* **Supplied material**
┌──

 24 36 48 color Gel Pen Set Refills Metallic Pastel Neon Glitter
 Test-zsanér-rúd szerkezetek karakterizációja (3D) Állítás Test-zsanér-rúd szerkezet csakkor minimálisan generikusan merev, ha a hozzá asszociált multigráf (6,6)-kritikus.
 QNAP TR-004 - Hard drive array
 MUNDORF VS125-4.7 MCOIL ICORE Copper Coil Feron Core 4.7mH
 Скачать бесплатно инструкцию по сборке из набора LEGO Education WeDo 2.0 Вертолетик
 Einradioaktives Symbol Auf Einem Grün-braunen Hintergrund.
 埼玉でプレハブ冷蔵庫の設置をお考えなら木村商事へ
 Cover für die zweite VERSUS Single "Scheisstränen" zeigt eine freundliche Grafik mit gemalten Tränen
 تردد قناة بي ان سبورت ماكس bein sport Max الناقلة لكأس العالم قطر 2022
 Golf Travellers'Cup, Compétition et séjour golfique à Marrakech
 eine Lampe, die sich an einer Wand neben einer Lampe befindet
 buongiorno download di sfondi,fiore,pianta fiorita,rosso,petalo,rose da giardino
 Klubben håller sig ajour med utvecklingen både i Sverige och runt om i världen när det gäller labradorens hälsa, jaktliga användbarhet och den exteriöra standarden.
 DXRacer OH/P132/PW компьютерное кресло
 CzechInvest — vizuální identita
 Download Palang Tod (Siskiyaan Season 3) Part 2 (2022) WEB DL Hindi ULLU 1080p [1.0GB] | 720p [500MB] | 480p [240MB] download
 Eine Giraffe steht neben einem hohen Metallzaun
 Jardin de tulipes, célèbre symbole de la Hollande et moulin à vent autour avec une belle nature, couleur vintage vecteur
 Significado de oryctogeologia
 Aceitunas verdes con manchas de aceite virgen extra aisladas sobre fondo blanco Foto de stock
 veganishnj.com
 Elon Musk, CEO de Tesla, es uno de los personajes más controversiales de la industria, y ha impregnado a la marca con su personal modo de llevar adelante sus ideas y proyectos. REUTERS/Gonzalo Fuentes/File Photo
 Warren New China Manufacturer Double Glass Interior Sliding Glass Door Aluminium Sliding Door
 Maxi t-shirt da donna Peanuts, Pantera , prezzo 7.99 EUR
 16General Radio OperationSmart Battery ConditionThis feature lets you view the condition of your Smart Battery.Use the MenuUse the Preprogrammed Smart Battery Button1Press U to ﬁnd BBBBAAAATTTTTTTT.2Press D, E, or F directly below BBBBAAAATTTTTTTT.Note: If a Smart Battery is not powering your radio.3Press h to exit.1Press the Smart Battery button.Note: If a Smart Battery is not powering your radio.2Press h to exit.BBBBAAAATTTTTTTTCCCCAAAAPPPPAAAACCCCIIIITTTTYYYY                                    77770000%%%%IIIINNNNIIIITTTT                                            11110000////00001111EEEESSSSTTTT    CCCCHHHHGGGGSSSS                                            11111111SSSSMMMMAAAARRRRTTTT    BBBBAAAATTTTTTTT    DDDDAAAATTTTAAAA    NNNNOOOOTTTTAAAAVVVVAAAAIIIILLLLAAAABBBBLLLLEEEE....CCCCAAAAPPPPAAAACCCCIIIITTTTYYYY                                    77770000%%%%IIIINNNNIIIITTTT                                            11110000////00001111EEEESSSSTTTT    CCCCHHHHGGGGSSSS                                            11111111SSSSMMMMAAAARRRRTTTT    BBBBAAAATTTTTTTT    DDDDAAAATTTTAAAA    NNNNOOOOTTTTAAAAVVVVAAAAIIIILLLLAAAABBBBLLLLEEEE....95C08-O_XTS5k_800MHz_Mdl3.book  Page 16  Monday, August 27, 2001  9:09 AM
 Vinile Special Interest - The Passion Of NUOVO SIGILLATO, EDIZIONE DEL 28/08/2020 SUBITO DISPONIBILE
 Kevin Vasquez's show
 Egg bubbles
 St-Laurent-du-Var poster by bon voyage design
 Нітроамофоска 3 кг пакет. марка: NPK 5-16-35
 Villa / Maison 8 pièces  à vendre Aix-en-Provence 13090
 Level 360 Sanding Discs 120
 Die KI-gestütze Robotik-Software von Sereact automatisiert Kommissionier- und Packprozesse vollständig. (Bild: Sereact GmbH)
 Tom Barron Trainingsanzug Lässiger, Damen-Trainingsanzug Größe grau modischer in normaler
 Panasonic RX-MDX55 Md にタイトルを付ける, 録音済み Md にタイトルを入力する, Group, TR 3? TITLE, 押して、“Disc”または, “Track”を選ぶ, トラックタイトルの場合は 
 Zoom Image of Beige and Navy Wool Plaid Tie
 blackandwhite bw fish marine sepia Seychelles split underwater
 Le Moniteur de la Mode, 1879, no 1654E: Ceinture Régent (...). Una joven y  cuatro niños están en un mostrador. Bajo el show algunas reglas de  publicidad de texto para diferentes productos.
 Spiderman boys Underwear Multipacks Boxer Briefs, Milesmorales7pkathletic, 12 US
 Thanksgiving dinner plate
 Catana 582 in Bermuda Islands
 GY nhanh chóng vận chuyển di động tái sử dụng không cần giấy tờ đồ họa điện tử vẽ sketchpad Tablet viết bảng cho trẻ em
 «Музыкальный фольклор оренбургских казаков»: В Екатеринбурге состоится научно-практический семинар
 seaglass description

└──

* **About this task**
By examining the material line by line, establish how many lines contain "neben" and give only that number.

* **Task solution**
2